M6. In-Depth Theoretical and Numerical Analysis of the Multi-Bit Encoding Method (Details in Section A.12.)

We appreciate the reviewer’s comments and have expanded our analysis of the multi-bit encoding method. Specifically, we conducted a new theoretical analysis to demonstrate that the multi-bit method also suffers from the false recognition problem as key capacity increases. Key points are summarized as follows:

(1) Distribution Analysis and Novel Bound:
We identified that the detection method in the multi-bit encoding aligns more closely with a Gumbel distribution than the originally claimed binomial distribution. Based on this observation, we derived a novel bound for the composed extreme variable as follows:

Let $C_{p_t} = \max\left(\frac{X_1}{T/b}, \frac{X_2}{T/b}, \cdots, \frac{X_r}{T/b}\right)$, where $X_\rho \sim \text{Binomial}\left(\frac{T}{b}, \frac{1}{r}\right)$ for all $\rho \in [r]$. Then, the probability that $C_{p_t}$ exceeds a threshold $y$ is bounded by:
$\Pr(C_{p_t} \geq y) \leq r \cdot \exp\left(-\frac{2 T \left(y - \frac{1}{r}\right)^2}{b}\right).$

This bound reveals that as the message length $b$ increases, the probability of false positives $\Pr(C_{p_t} \geq y)$ also increases, exacerbating the false recognition problem.

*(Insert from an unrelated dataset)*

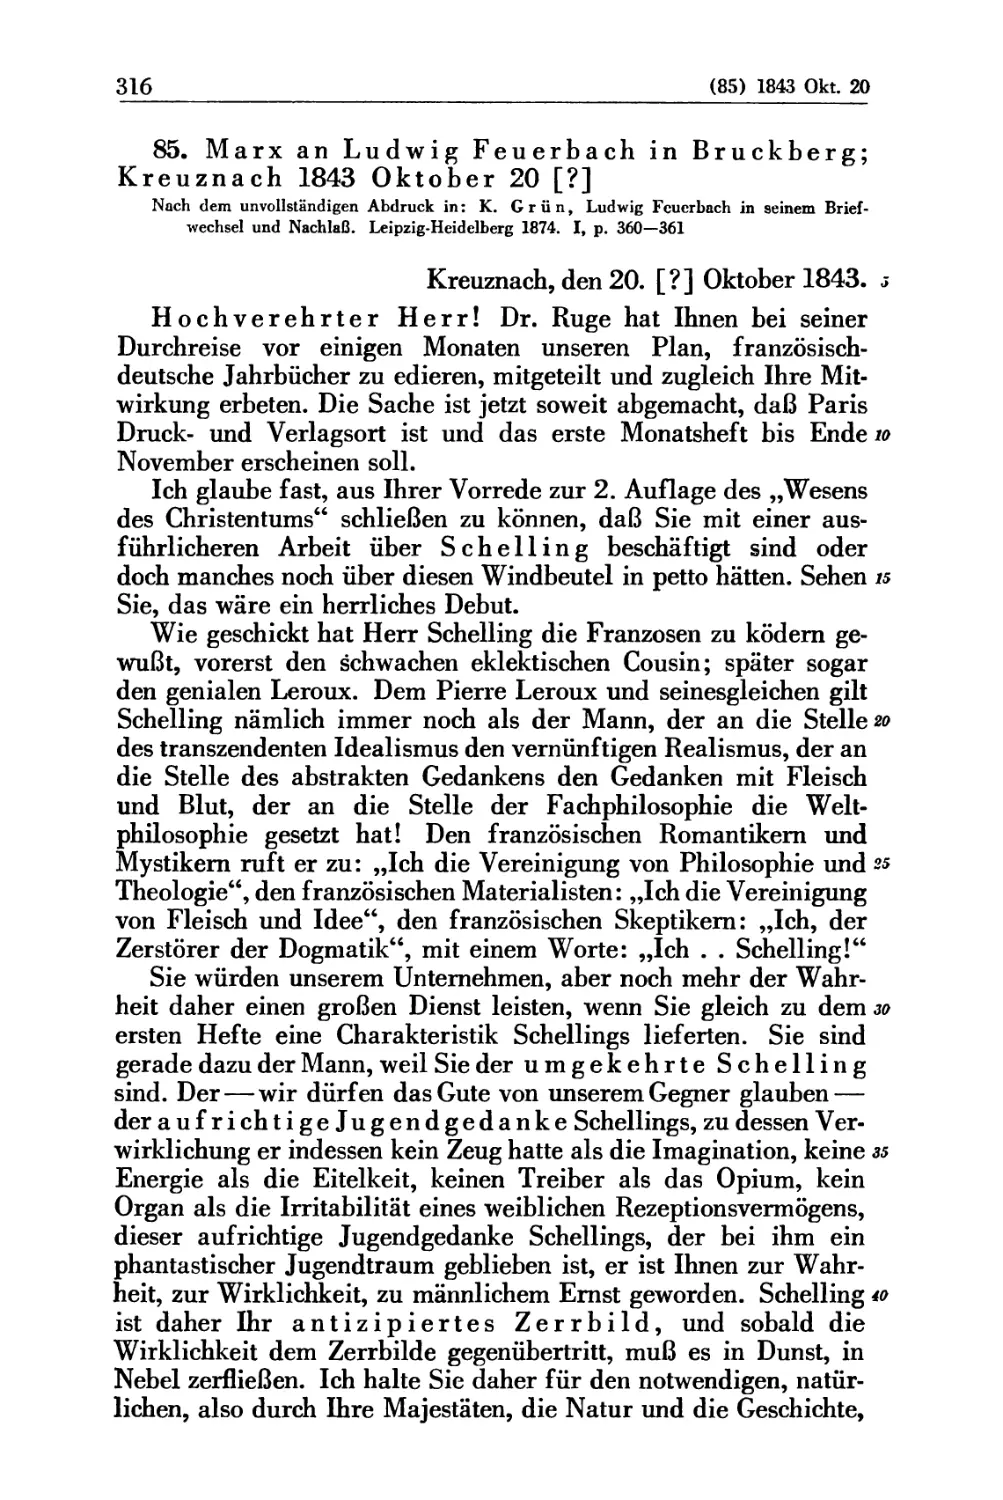 85. Marx an Ludwig Feuerbach in Bruckberg; Kreuznach 1843 Oktober 20 [?]

(2) Tail Bound Analysis and Implications:
To address challenges in computing Gumbel parameters, we analyzed its tail bounds and showed that the detection threshold increases with key capacity. This growth causes unwatermarked text to increasingly resemble watermarked text.

(3) Numerical Validation (Fig. 13):
Numerical experiments validated our theoretical findings. Specifically, as $b$ increases, the expected detection statistic rises, the distribution narrows, and variance decreases. These effects complicate accurate classification, confirming that false recognition becomes more severe as key capacity increases.

These theoretical and experimental results support our main paper’s claim, emphasizing the limitations of the multi-bit watermarking method and providing a deeper understanding of its inherent challenges.

M7. We have added new baseline models (details in the Experiments section). To enhance the comparison of multi-bit methods, we incorporated them as new baseline models, as detailed in the updated Experiments section. It demonstrates that the multi-bit model applied in this scenario is capable of encoding key information and indicator variables. However, its performance is inferior to our proposed methods, highlighting the effectiveness of our proposed framework.

M8. We have added a new similarity metric, Sim (details in the Experiments section). To assess the quality of generated text after watermarking, we adopt the approach of Fernandez et al. (2023), utilizing cosine similarity (Sim) between watermarked and unwatermarked text to evaluate generation quality and measure information loss. The experimental results indicate that the sSim scores of all watermarking methods are at a similar level, demonstrating that our method does not compromise quality compared to other watermarking methods.

M9. We have added a new algorithmic outline to make the procedure clearer. (Details in Algorithm 1) We have included a new algorithmic outline illustrating the generation and detection processes to enhance clarity. This visual representation provides a step-by-step depiction of the procedure, making it more intuitive for readers to follow.